Content starts
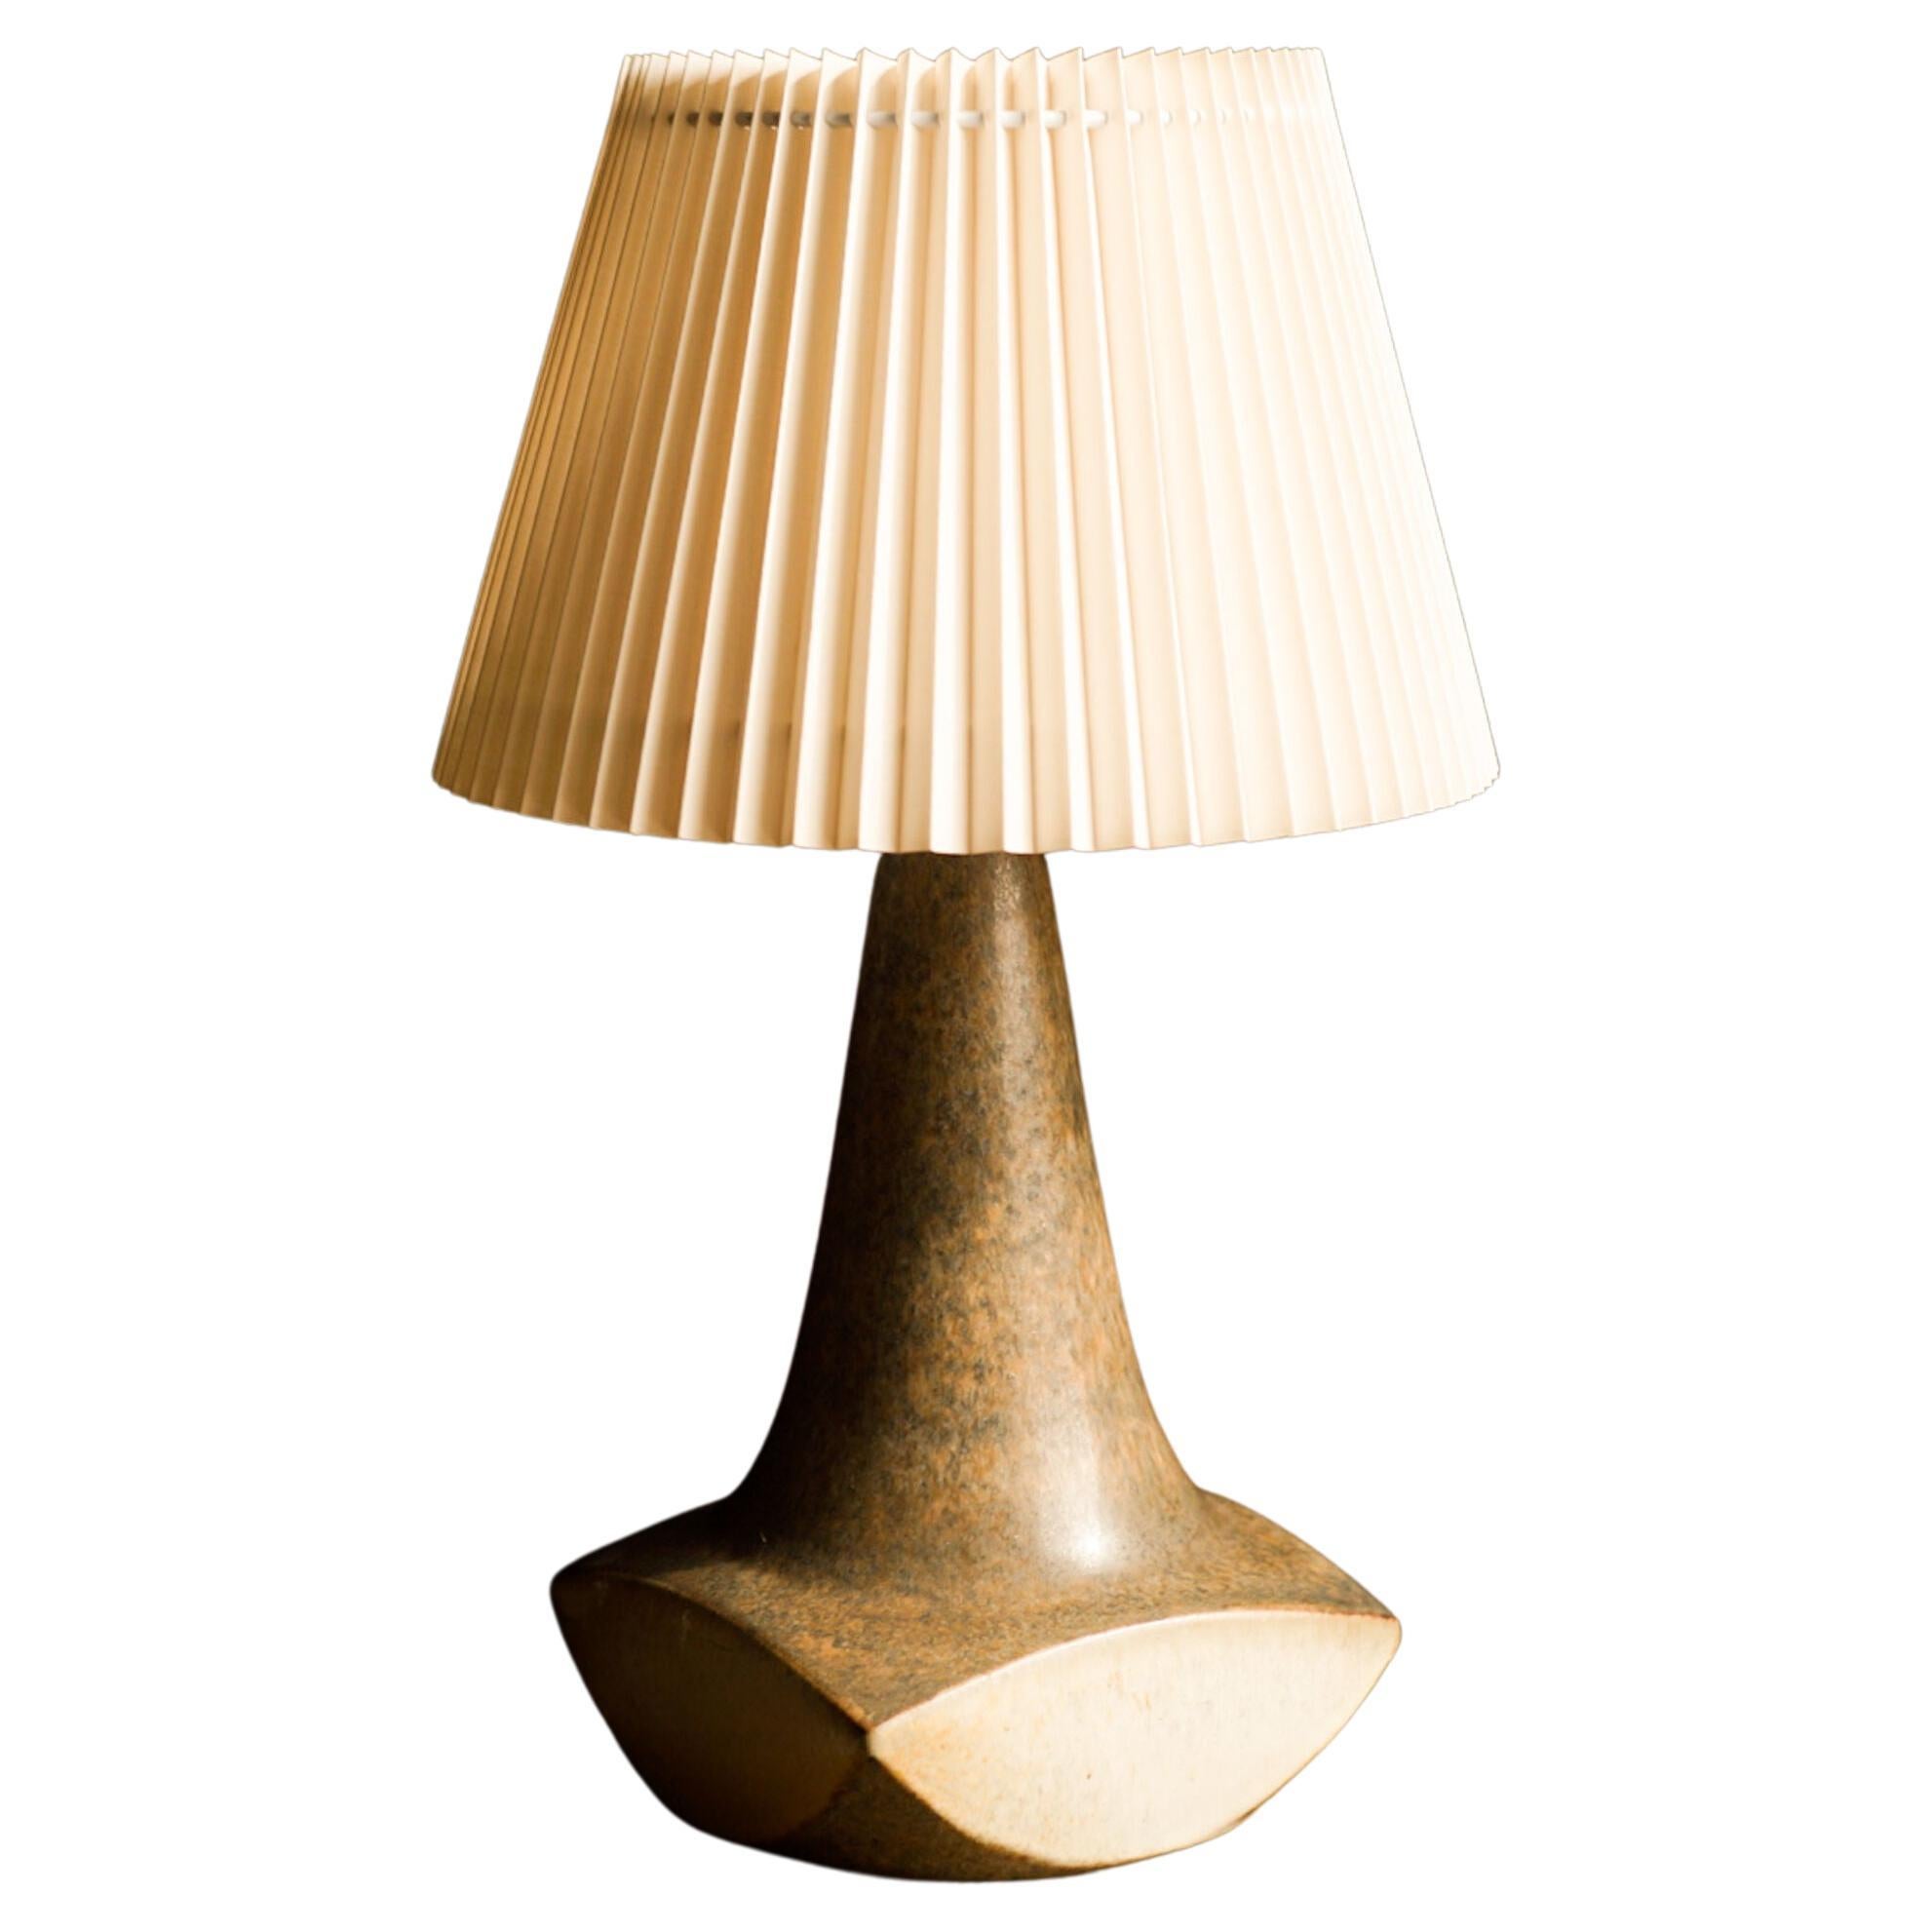 A stoneware table lamp handmade by Michael Andersen & Son located on the island of Bornholm in Denmark in the 1960s.

Stamped and signed on the base.

Sold without lampshade. Height includes socket. fully functional and in beautiful condition.
Content ends
● Exercise prompt
Restate precisely, and with nothing added, the lines from the one with "Stamped and signed on the base." through the final line of the material.

● Your response
Stamped and signed on the base.

Sold without lampshade. Height includes socket. fully functional and in beautiful condition.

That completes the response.